= Beginning of Section =

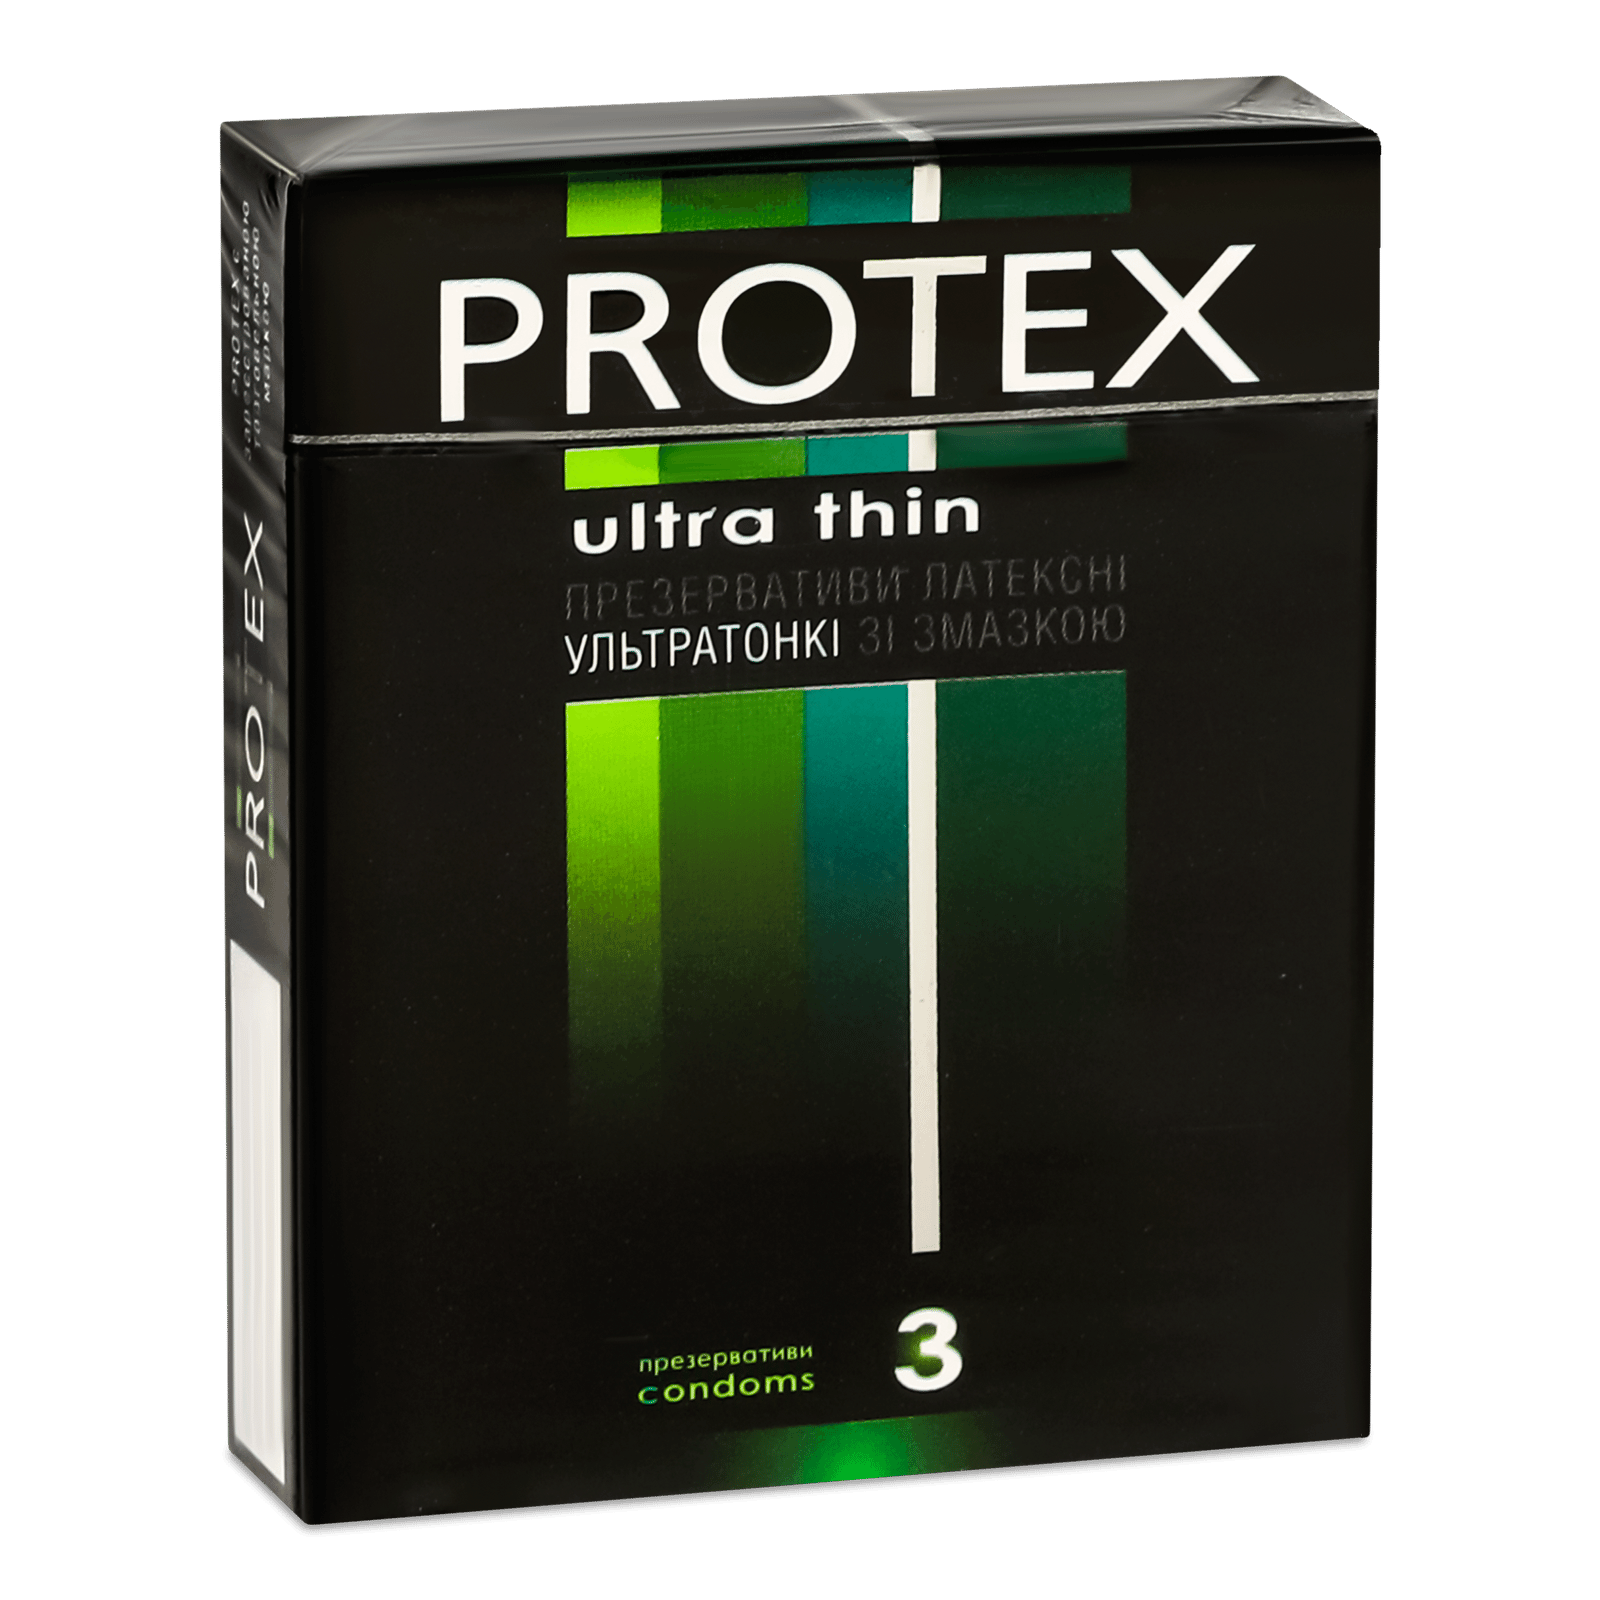 Презервативи Protex ультратонкі зі змазкою - 1
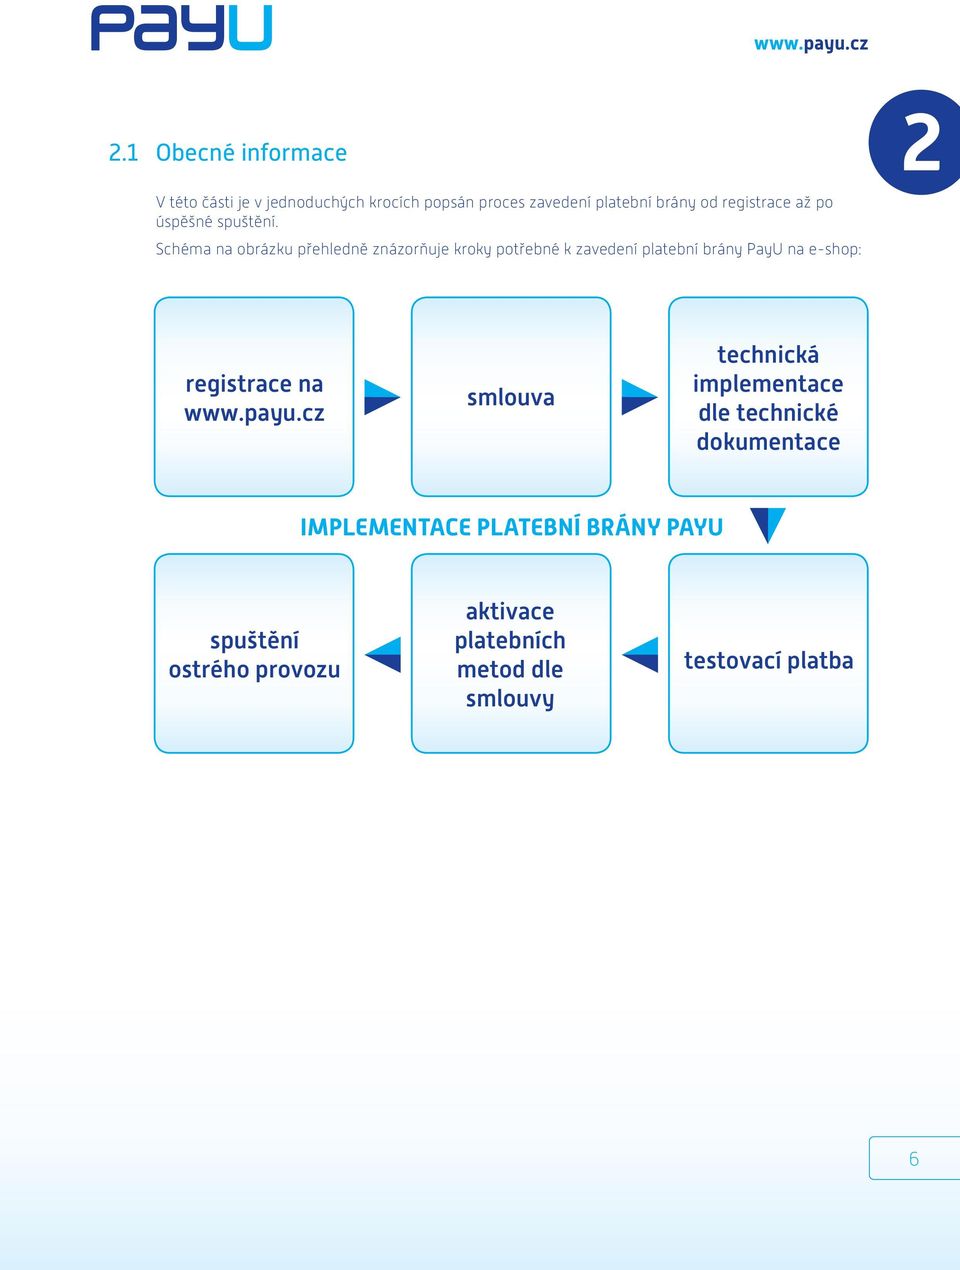 Schéma na obrázku přehledně znázorňuje kroky potřebné k zavedení platební brány PayU na e-shop: registrace
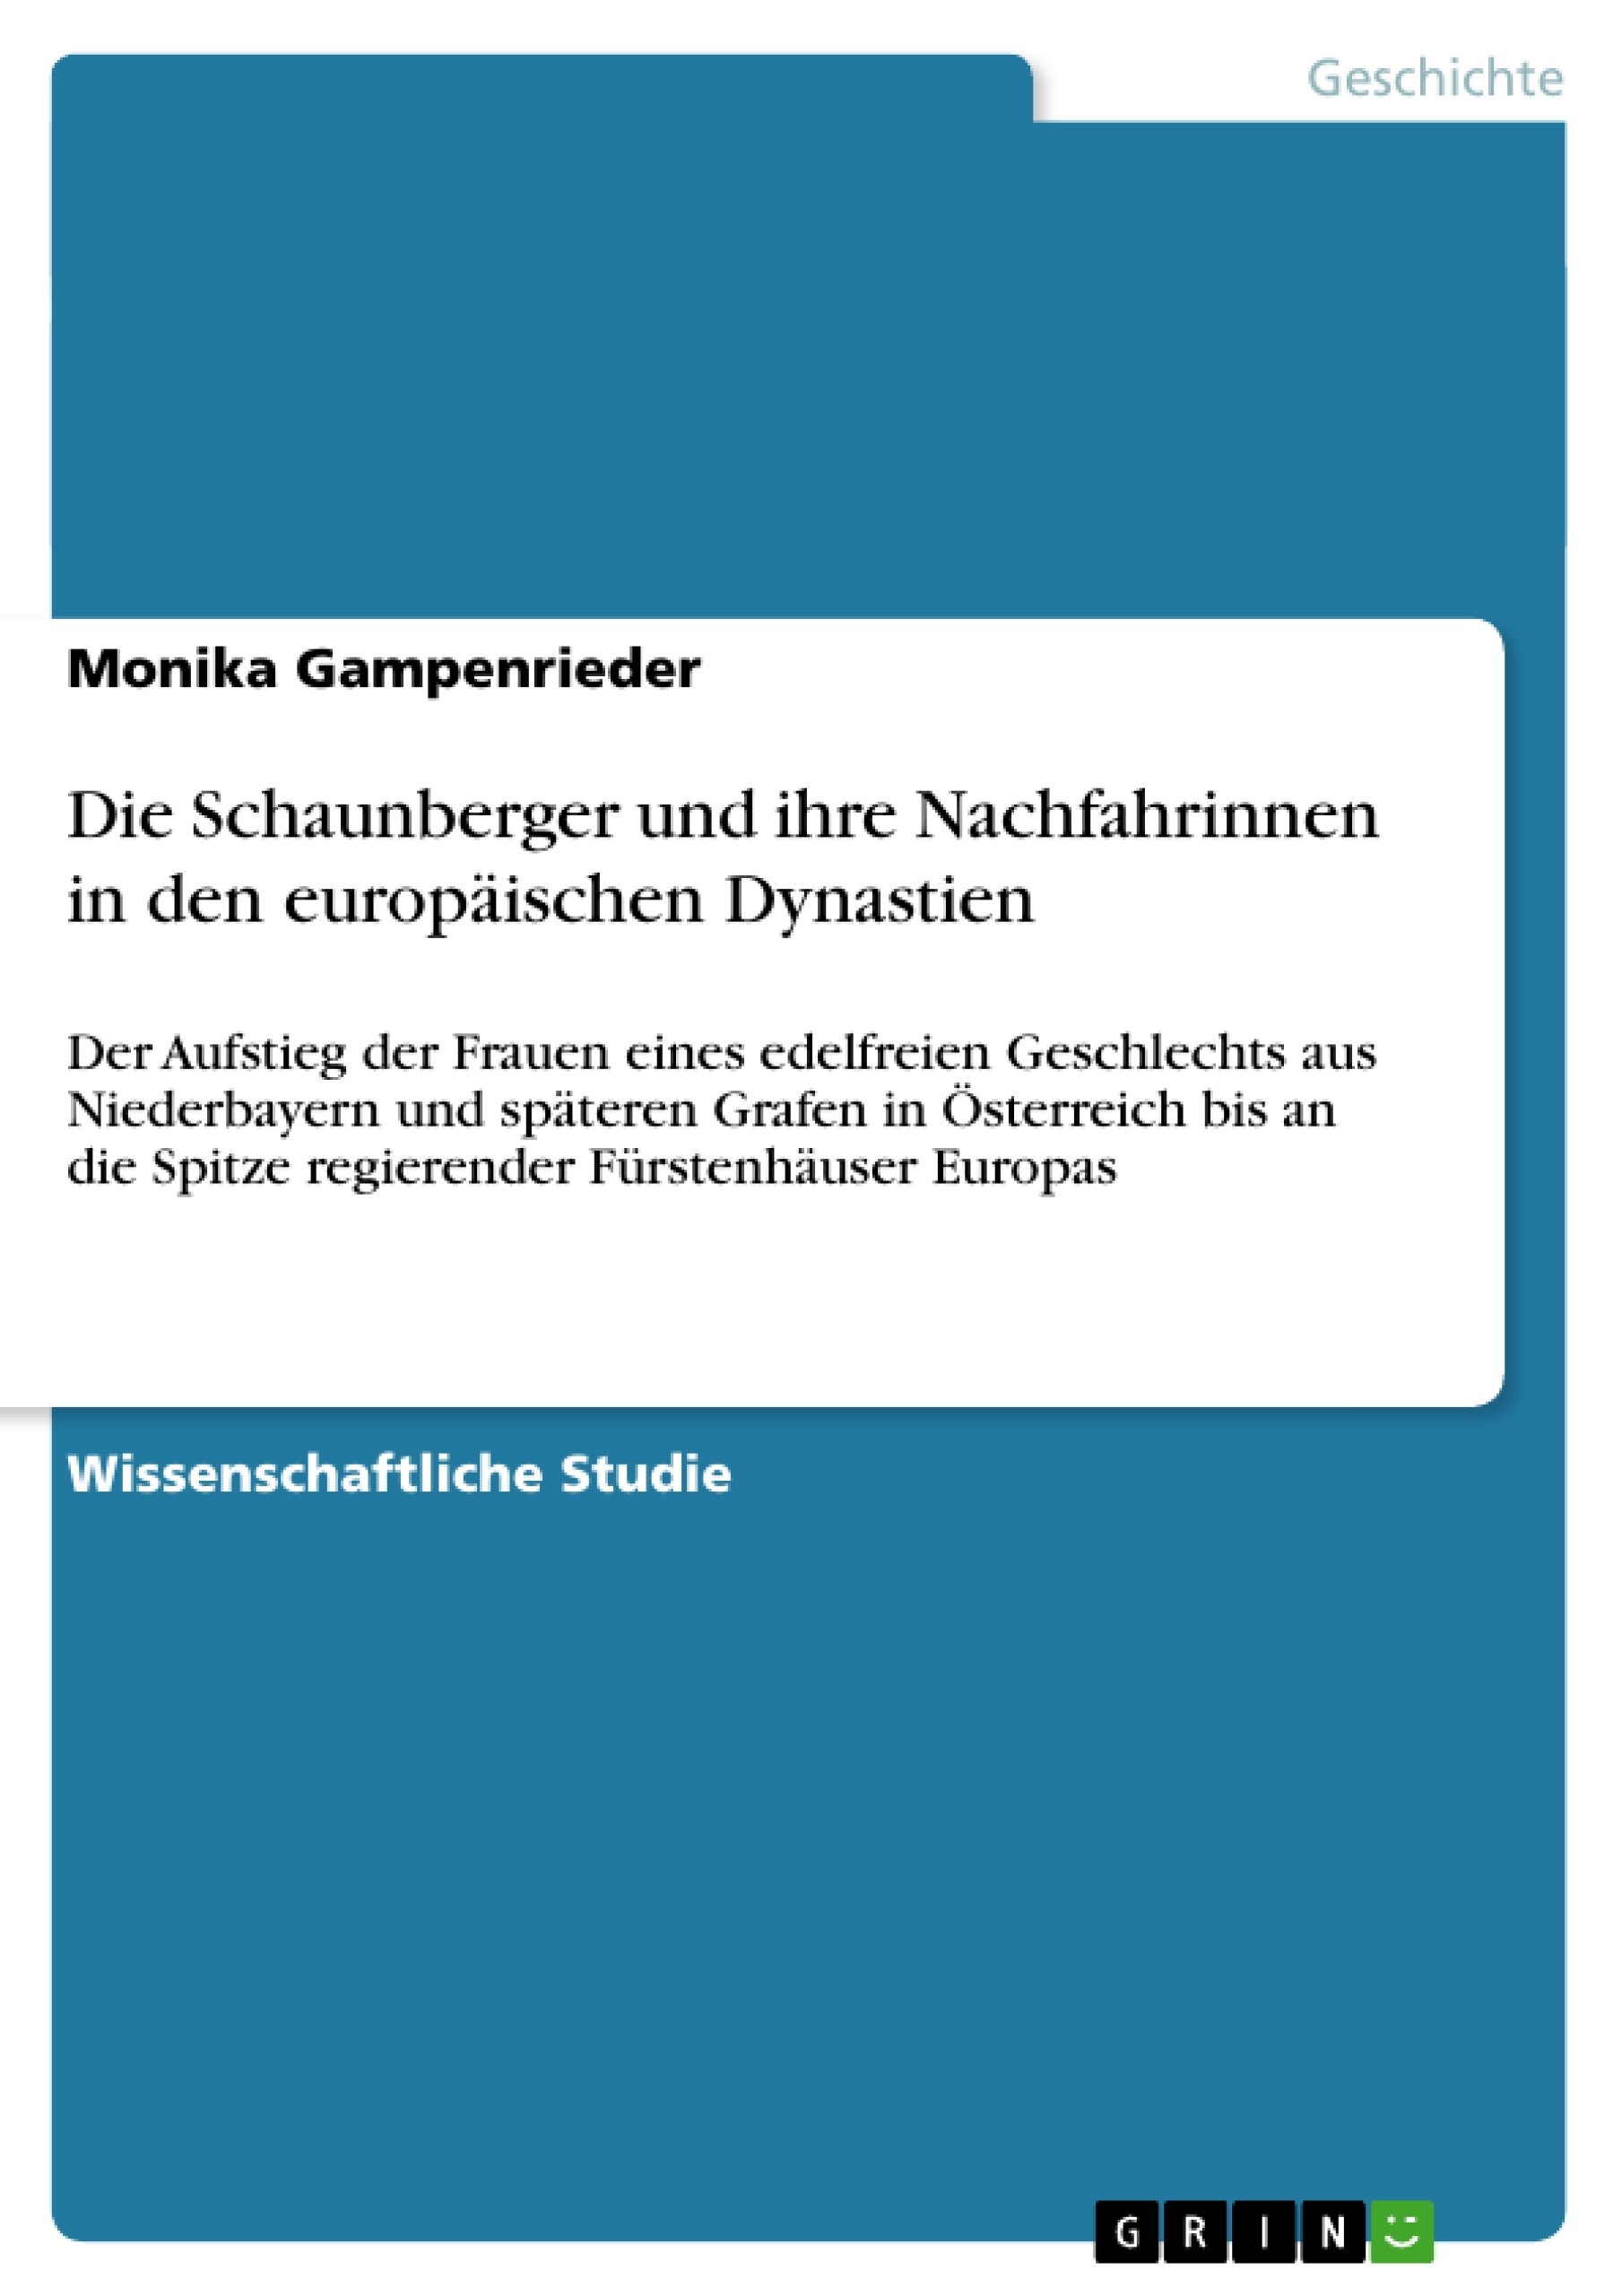 Titel: Die Schaunberger und ihre Nachfahrinnen in den europäischen Dynastien
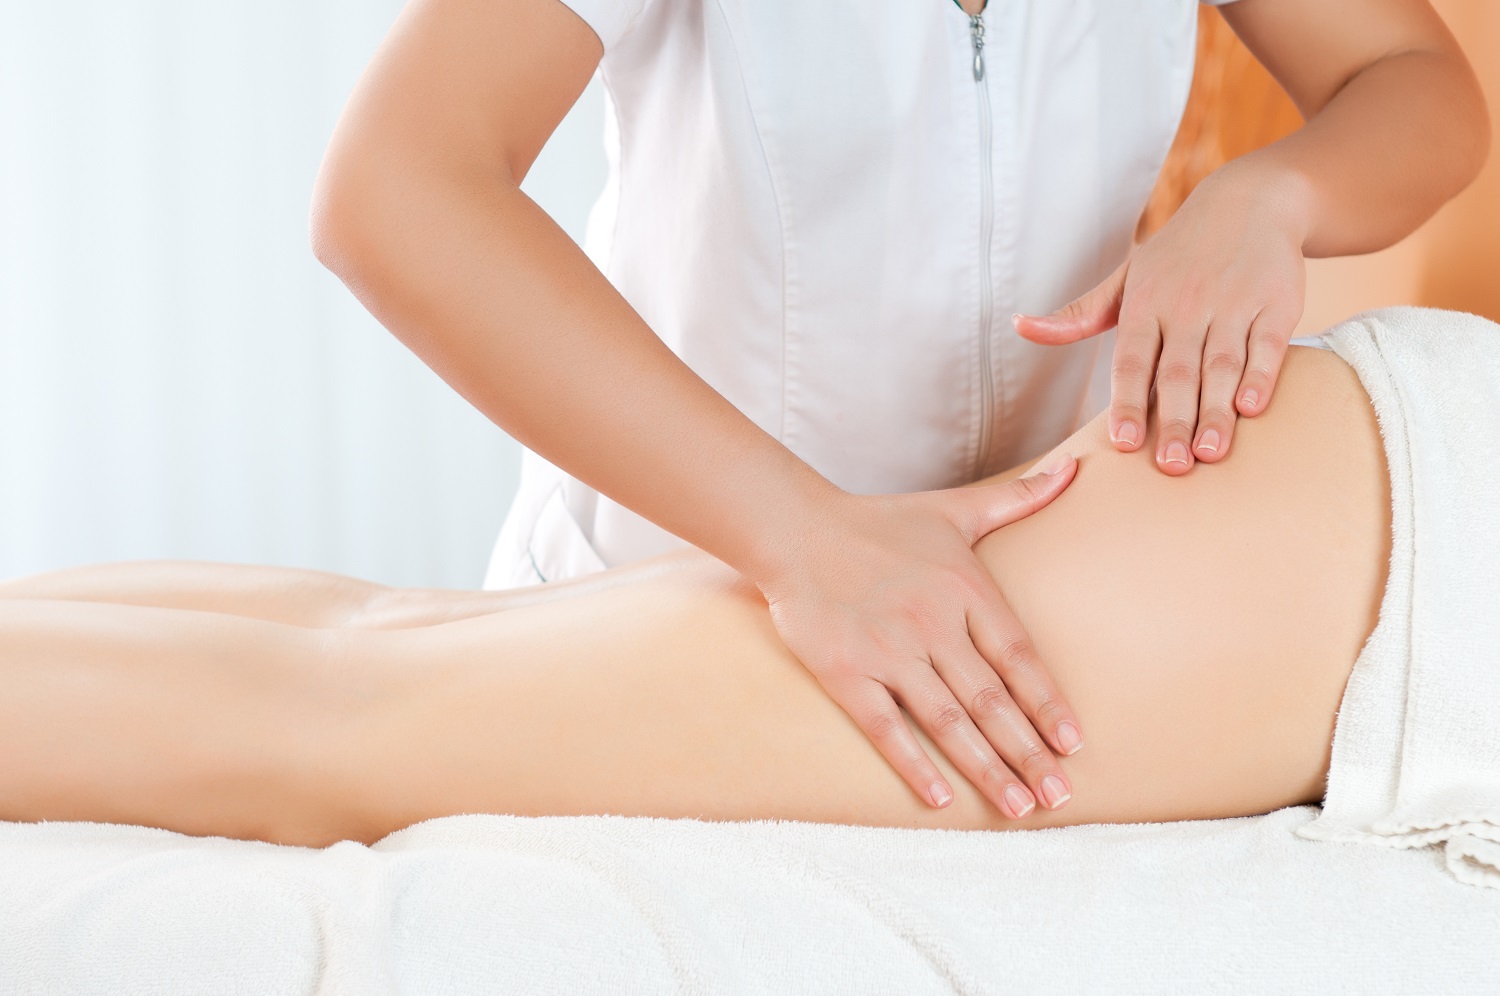 Phương pháp trị liệu massage mông mang đến nhiều lợi ích cho sức khỏe

= End of Section =

WHAT IS EXPECTED - Copy the listing above verbatim, leaving out pictures.

SOLUTION FOR THIS EXERCISE -
 Презервативи Protex ультратонкі зі змазкою - 1
 Schéma na obrázku přehledně znázorňuje kroky potřebné k zavedení platební brány PayU na e-shop: registrace
 Titel: Die Schaunberger und ihre Nachfahrinnen in den europäischen Dynastien
 Phương pháp trị liệu massage mông mang đến nhiều lợi ích cho sức khỏe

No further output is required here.